Can We Make Sure This New Baby Doesn’t Torpedo Our Friendships?

We don’t want to under-prioritize our friendships!

Q

My wife and I are in our early/mid 30s and will be having our first baby early in the summer!! We’re the first in our friend group (same age range) to start a family, and I’m wondering if anyone has advice for us? How can we make sure we don’t under-prioritize those friendships once the baby is born? We’d love to even hear from people who aren’t parents but are friends with parents! Reading Riese’s last blog about their baby shower and their friends made me wish we had the same level of involvement from our friends! How do we get that?

A

Summer: A kid’s arrival usually means compromising on existing habits and connections. I’m really hoping you have an understanding friend group that knows you can’t be as available for them. It’s very probable that you’ll have to deprioritize them a bit to take care of the child. But that doesn’t have to mean losing out the connection.

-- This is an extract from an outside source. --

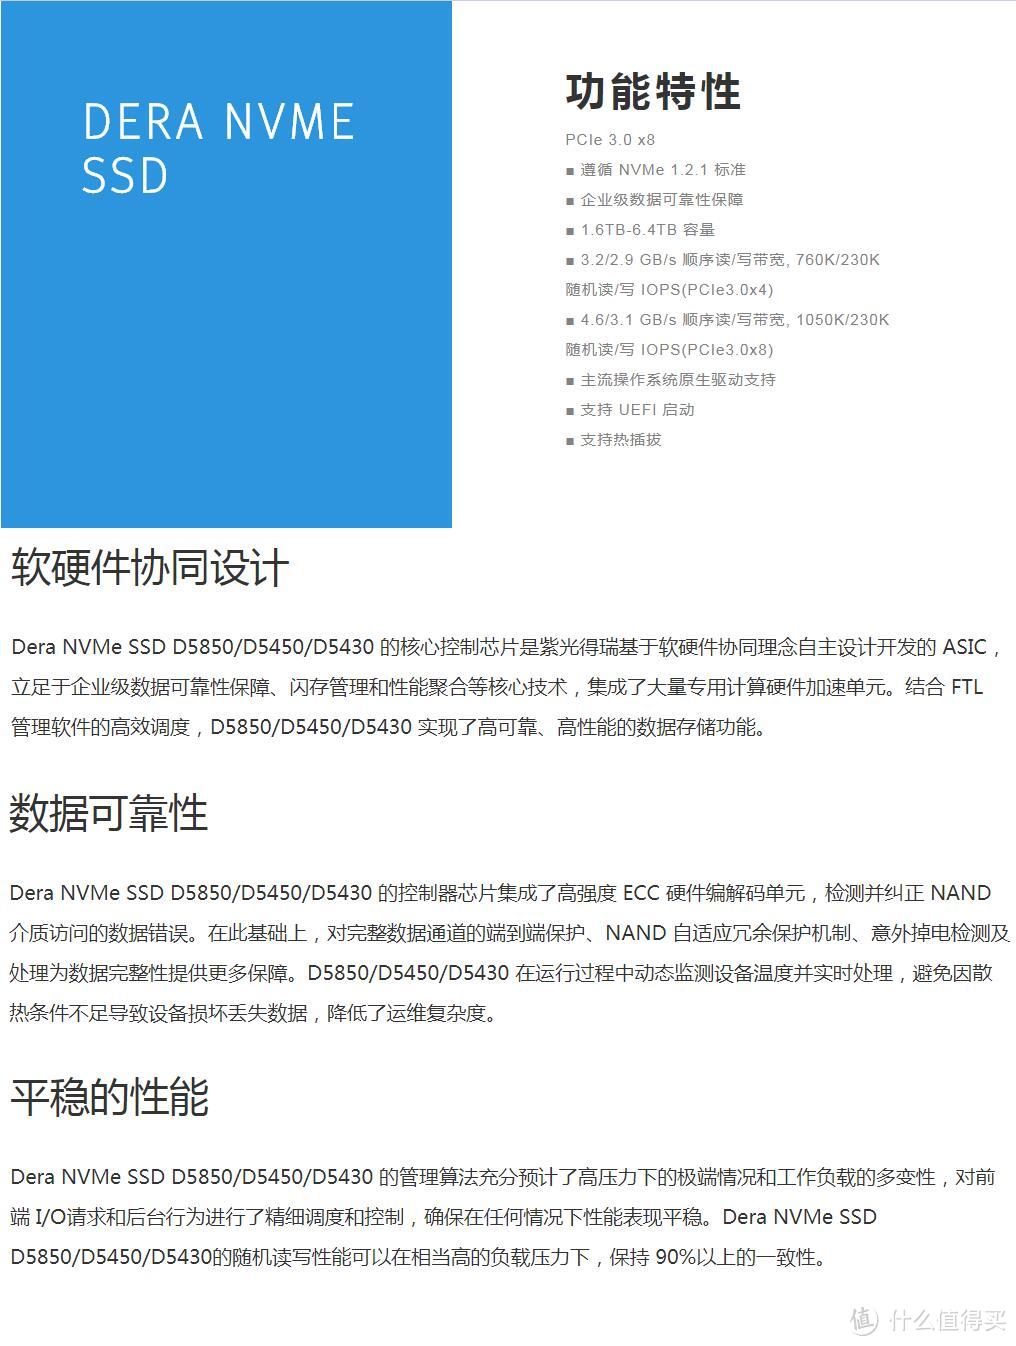 #本站首晒#中国智造再下一城！国产PCIe NVMe SSD固态硬盘—UNISLAN 紫光 得瑞 DERA D5450 测评！

The people in my life who became parents mostly withdrew socially to look after the kid. This can be a good thing for them. It lets them prune some of their less necessary friendships to focus on the best people in their lives. So it’s not always bad to lose some connections.

Beyond that? You’ll have to reach out to the friends you want to keep. When someone in the group becomes a parent, the rest of the group tends to continue on their trajectory and the parent often fades out. Make clear your enthusiasm for participating in friendships, but equally, establish boundaries about what you can and can’t do from now on. Make your kid a part of their life (non-obtrusively). Keep people updated about the funny and frustrating parts of parenting. Identify people who can babysit or you can confide in and keep them close. The shape and number of friendships you have might change because of this, but it’ll hopefully leave you on better footing with the people in your life.

Nico: Friends I have who are parents who manage to stay social definitely already have and rely on broad networks of support — and they prioritize friendships and making time for themselves, too. It’s almost certainly difficult to balance, but I’ve noticed that they maintain social ties by inviting people over and hosting at their home (where they don’t have to get a babysitter), by bringing their babies to baby-friendly events even if these are not explicitly events for children, and by taking turns watching the kids so that the other can socialize. If they have to duck out for a period of time (health or other life stuff), they usually give an update on social media about it and also update when they’re back and more available again, which hopefully prompts people to reach out. Above all, the parents I see who stay social are just very, very proactive about it. This might mean that their kids do fewer kid-oriented things, but isn’t that the way it’s always been? Kids going where their adults go and learning to be a part of multi-generational social groups? Wishing you and your wife so many good things on your parenthood journey! Excited for you!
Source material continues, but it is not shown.